Following through on your intentions to live a healthier life (instead of hitting snooze) is easier when you have support, which is why Bodzak stresses the importance of finding an accountability partner (or two) to help you stick to your game plan.
"When you're making changes around your daily habits (which is always the case when you're looking to improve your wellbeing) it can be incredibly helpful to have a running buddy, support group, or coach," Bodzak says. "It's not easy to make big shifts, and having that support can make all the difference when it comes to sustaining it long term."
With Weight Watchers, you have access to a whole squad of likeminded people who will be cheering you on via the Connect platform in the app. The community-focused social network is a safe space to ask questions, search for inspo, find bad day encouragement, and of course, share food photos (think: Instagram specifically for people who share your healthy-living aspirations). Talk about #squadgoals.

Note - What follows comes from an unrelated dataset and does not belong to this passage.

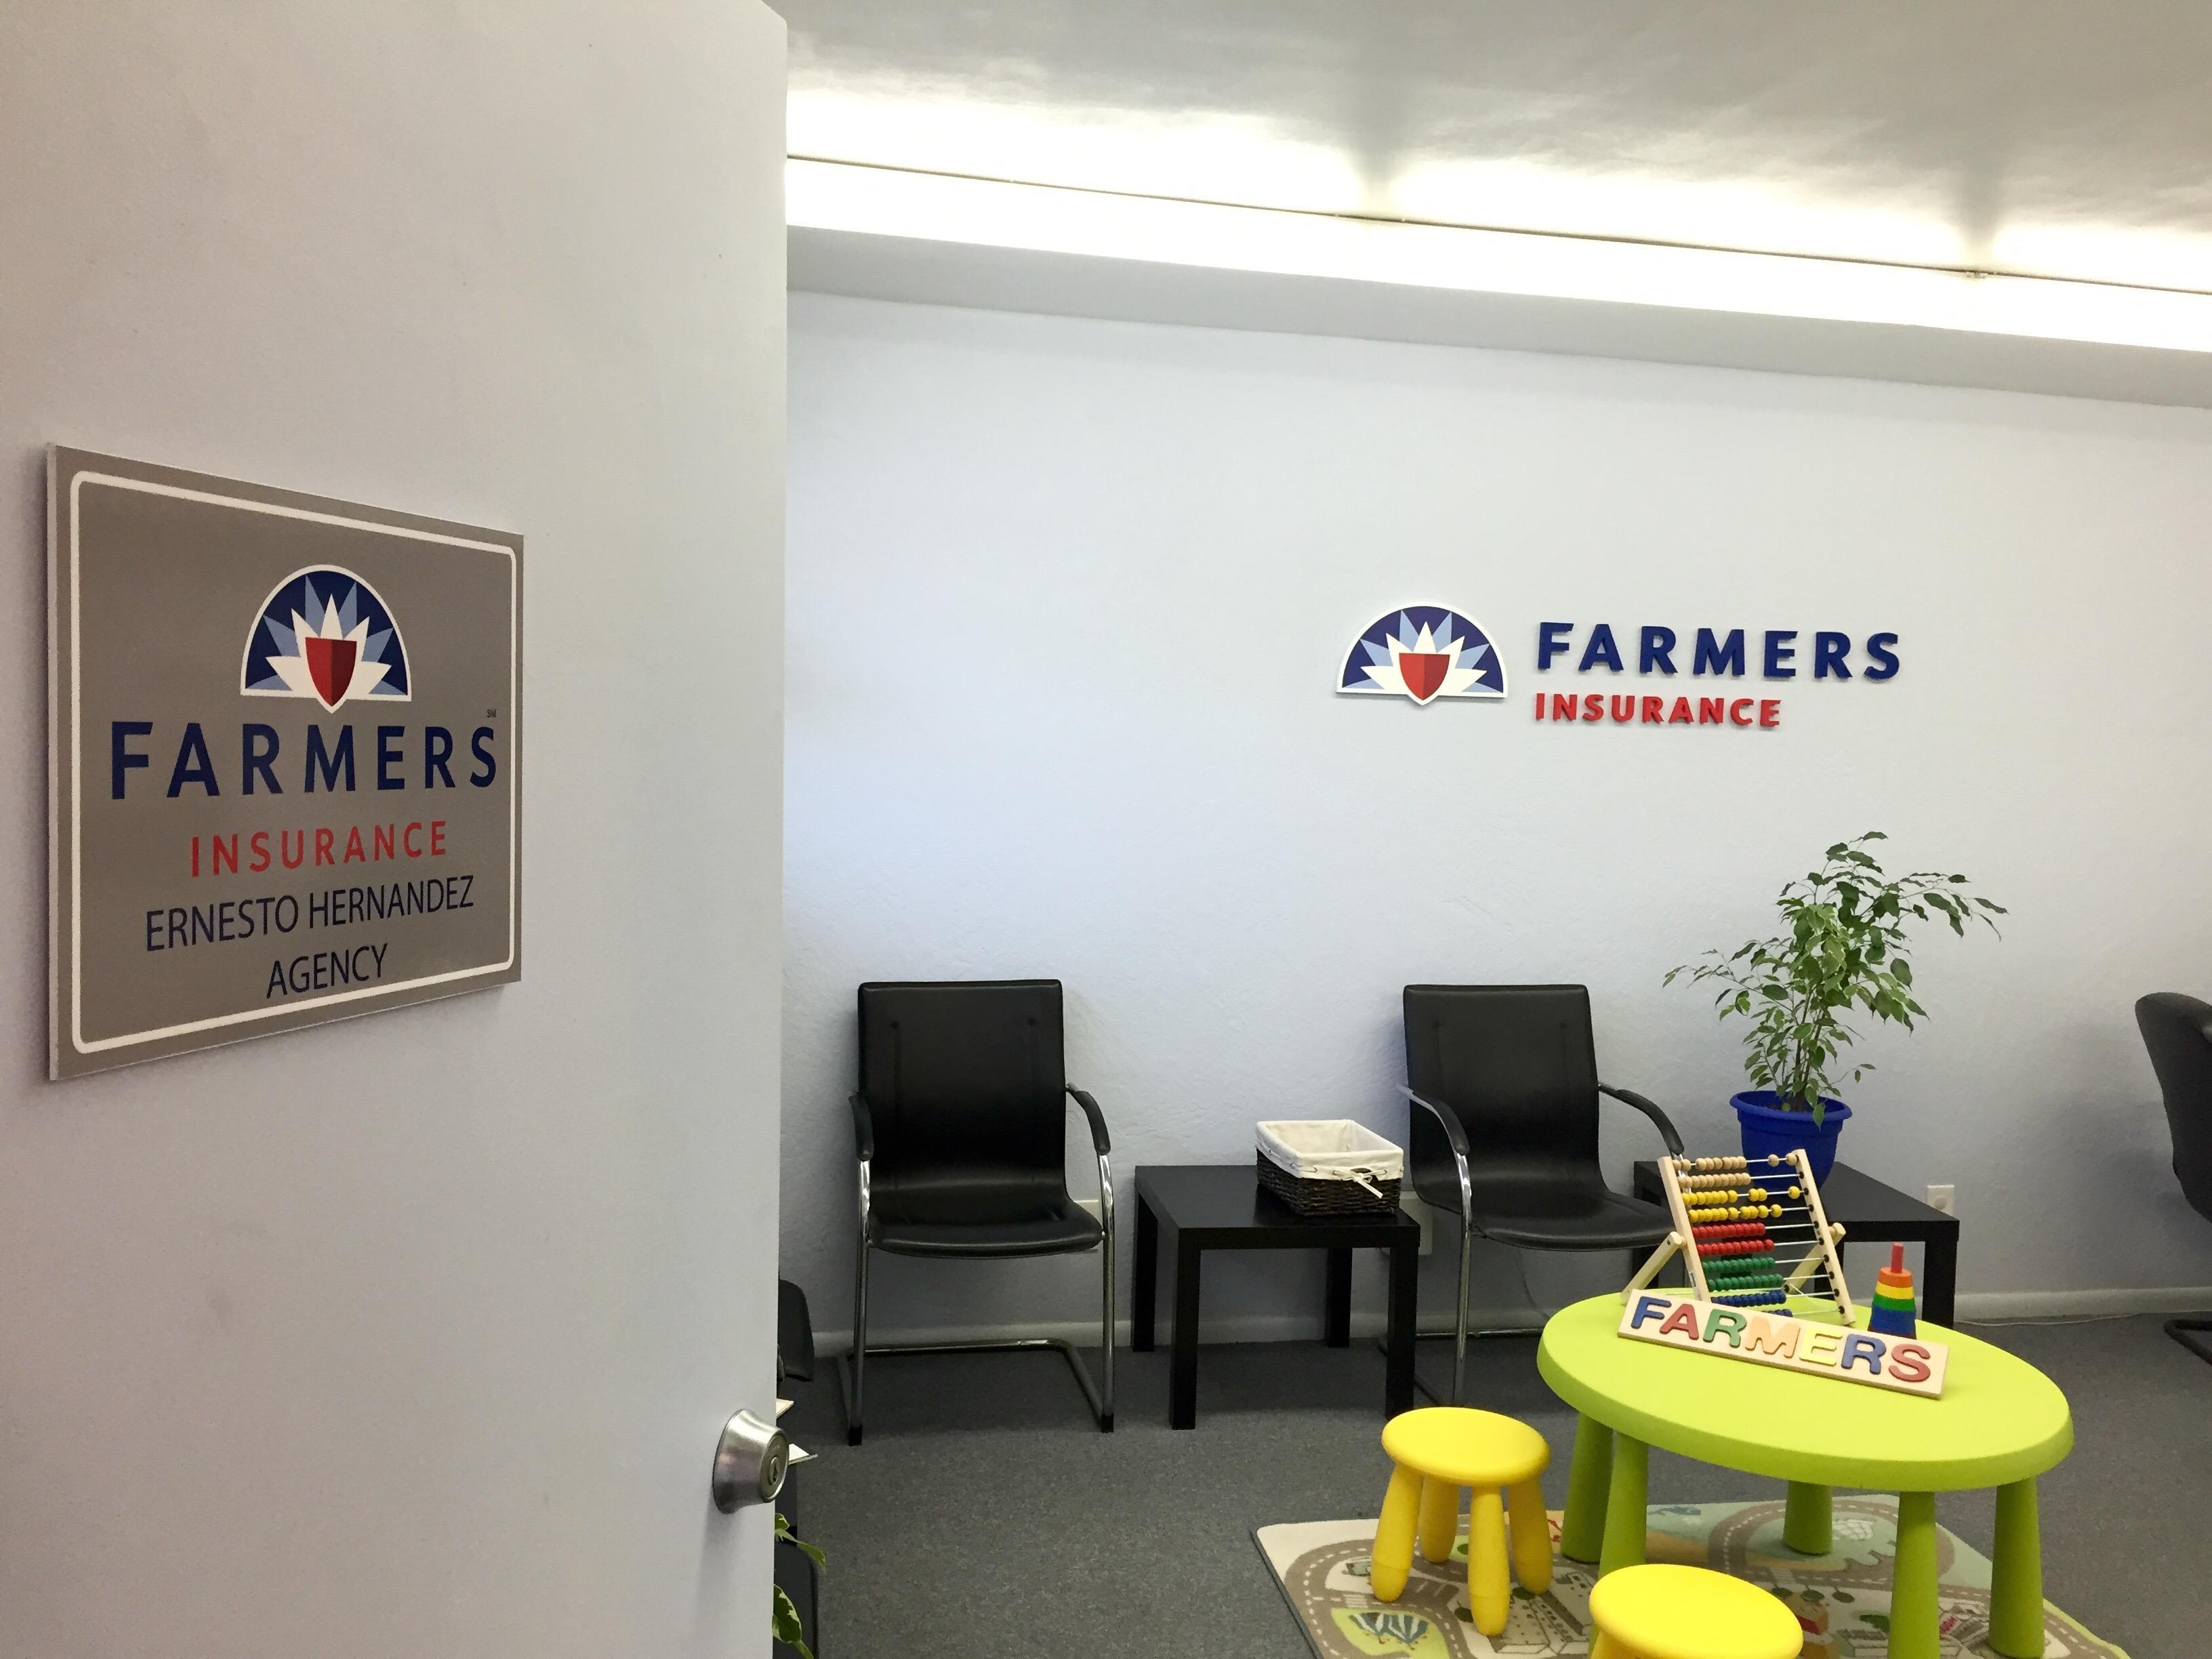 Farmers Insurance - Ernesto Hernandez

If you eat a salad for dinner and don't wake up bursting with energy the next morning, don't be discouraged. Cultivating good-for-you patterns isn't instantaneous—and it will take a while before you become obsessed with that new vinaigrette recipe.
"Everyone will see results in a different time line depending on the amount of weight they need to lose, how differently they were eating before, and various other lifestyle factors that contribute," Bodzak says. "I always tell people to try everything for at least a month. By then you should notice at a minimum an increase in energy and vitality."
More energy and vitality? That's serious #fallgoals.